# File Closed - My story



## Daws (25 May 2010)

Hey everybody,

This is my 1st post, I've been reading tons of info on here and really enjoy this site. 

Anyway

I come from a Military background, My dad was Navy and then Air Force. I know the lifestyle and lived it for many years! Vowed I would never join the Military do to the fact of the moving around I did as a kid but after long it was looking more and more better.

Anyway I married into a family once again with a Navy background my wife's father is in the Navy and her Brother what really pushed me to join was seeing how well he did and how it improved his life and pay scale so on. I printed off the papers and begun the process, It went pretty quick I applied for boatswain, Fire fighter and AVN anyway did my test and sat down with the my recruiter and discussed the test. 
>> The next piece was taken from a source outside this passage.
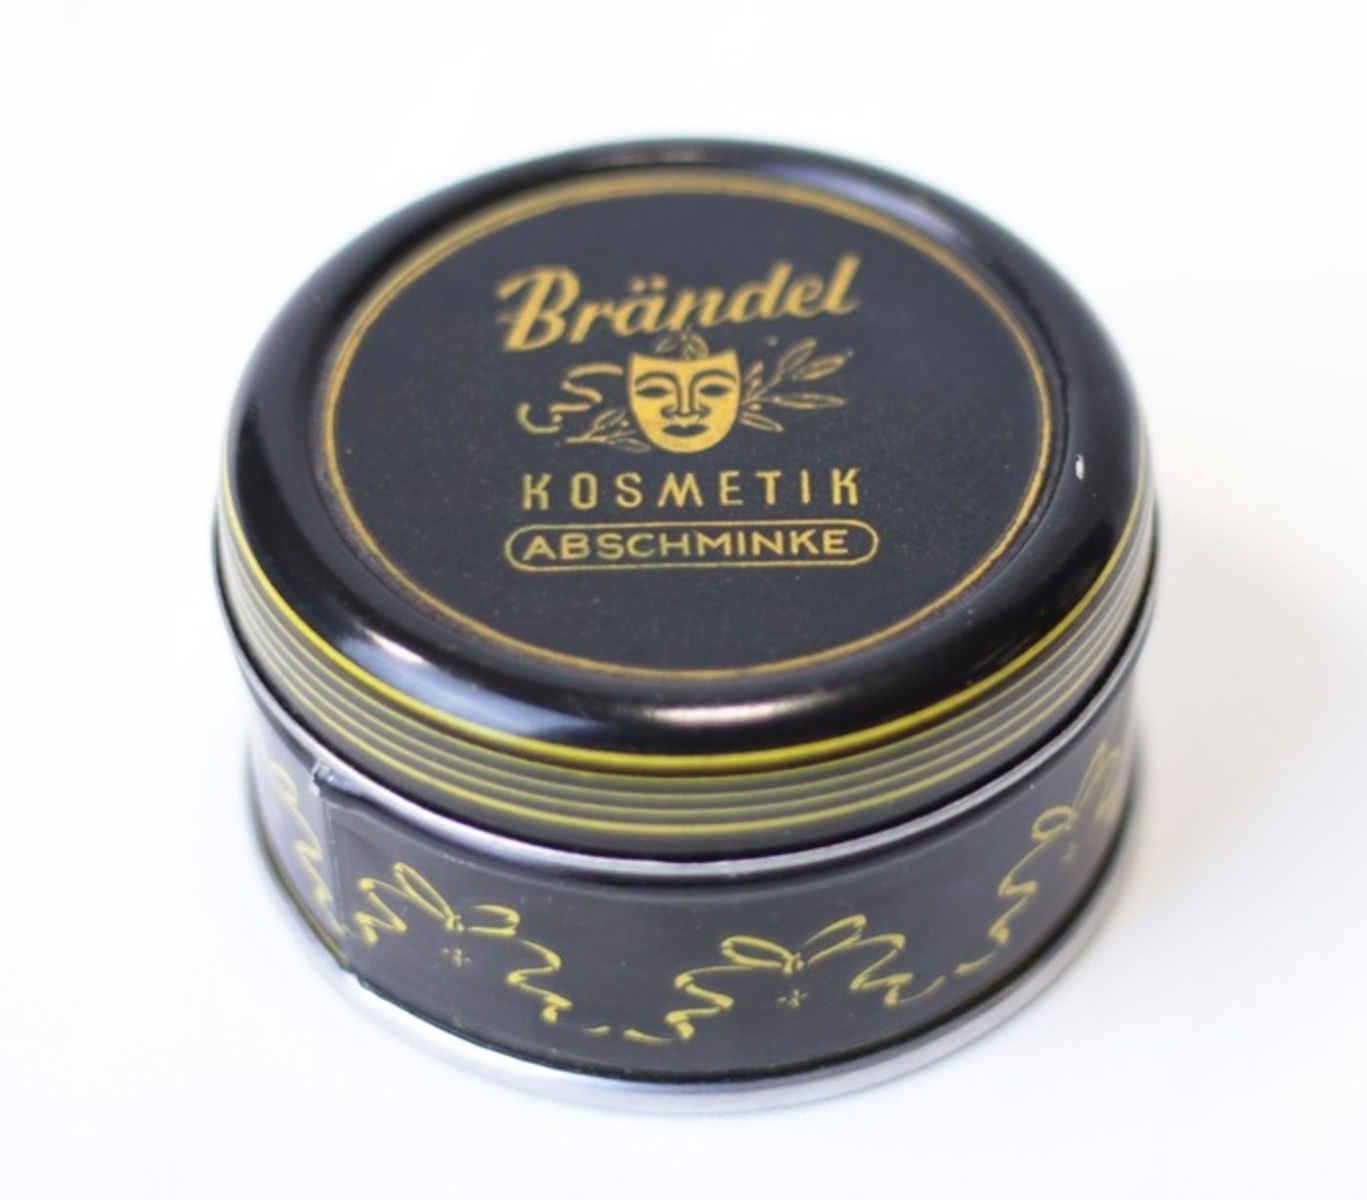 braendel-kosmetik-abschminke-02.jpg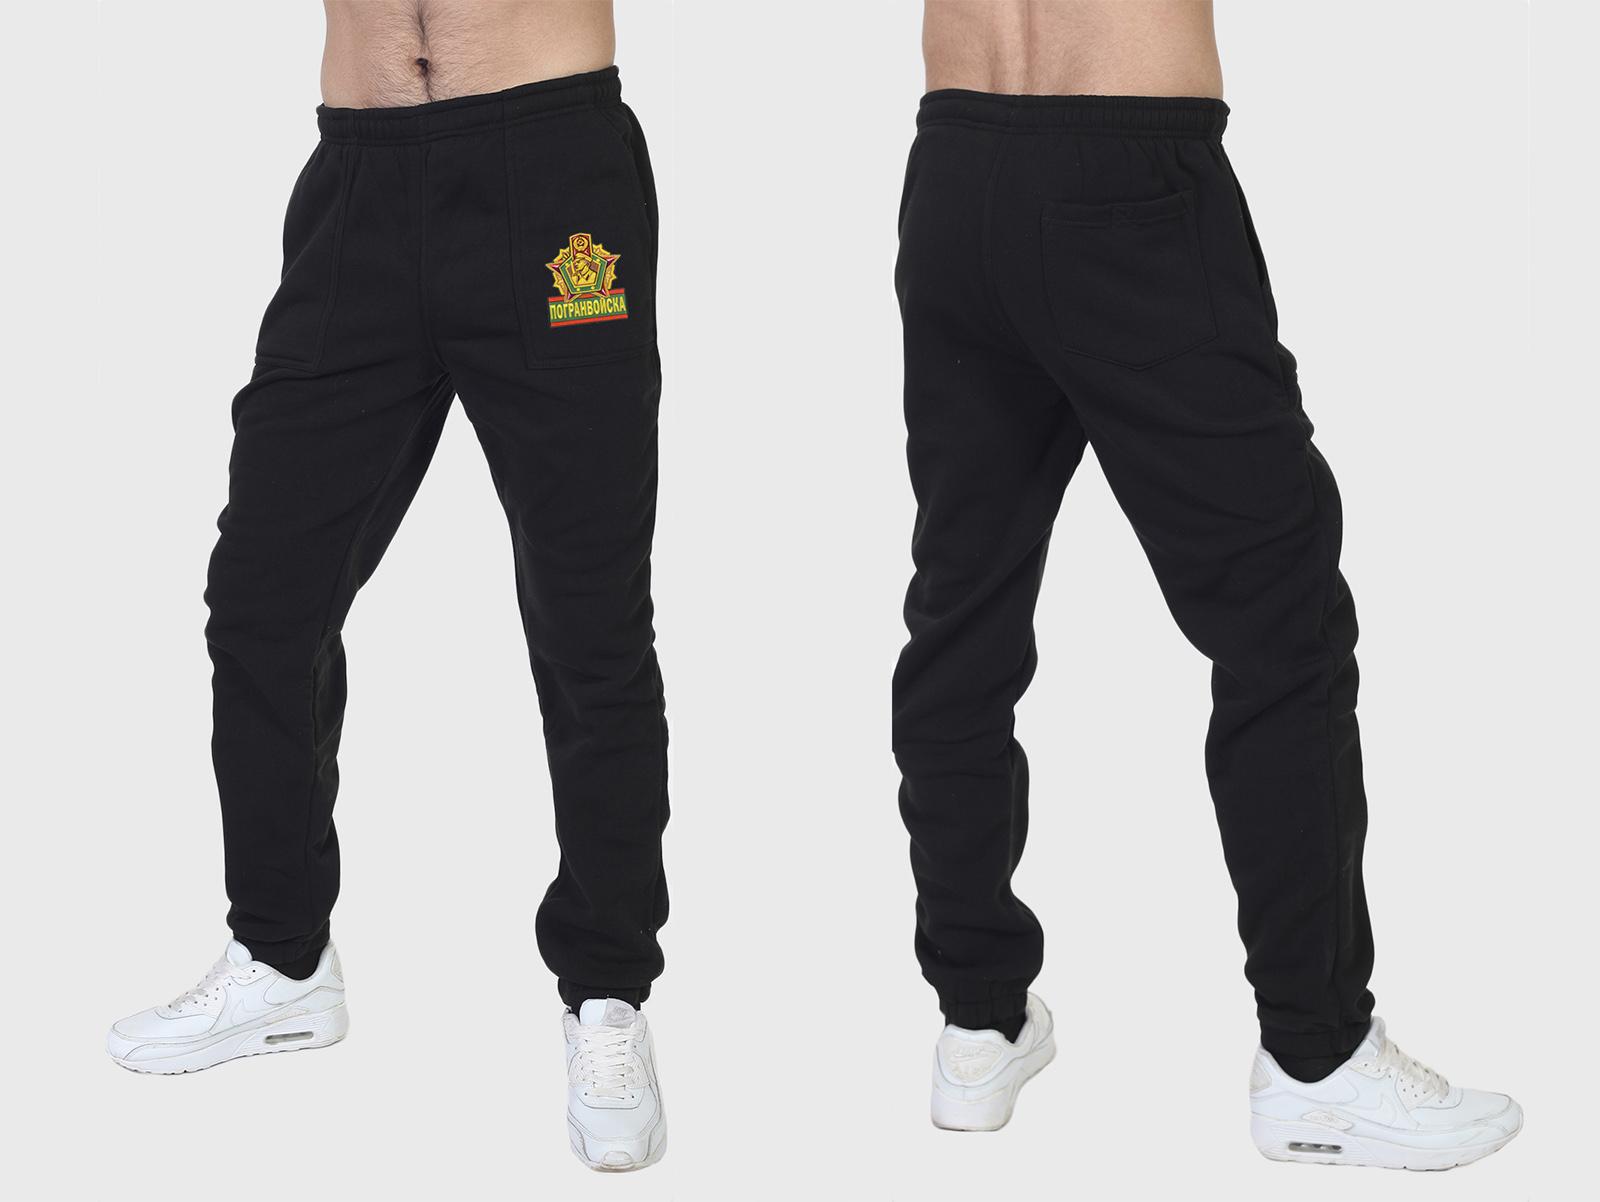 Топовые спортивные штаны для пограничника

Drug test - I told them I have done drugs before (WEED a bunch of times and Magic Mushrooms once.) But stopped all that junk when my son was born. My son is 3 years old now when I wrote the test it was at least over a year or longer ago.

I didn't prepare for the test as much as I should have. My Grandmother passed the same week as the test (I know, I should have asked for another date) but I did it anyway.

He said I fell short a few points for Boatswain and almost had it and due to my math (NOT MY BEST SUBJECT! ) could not get fire fighter ??? and AVN so that was fine. He told me I could do the test over again so I agreed and he also told me that the math was my down fall and should focus on that. 

I discussed my results with my wifes father and he couldn't understand why I fall short for fire fighter and Boatswain and so on,He said it sounded like I was getting the run around.

Couple weeks go by and I go for another test.  And fall short again..............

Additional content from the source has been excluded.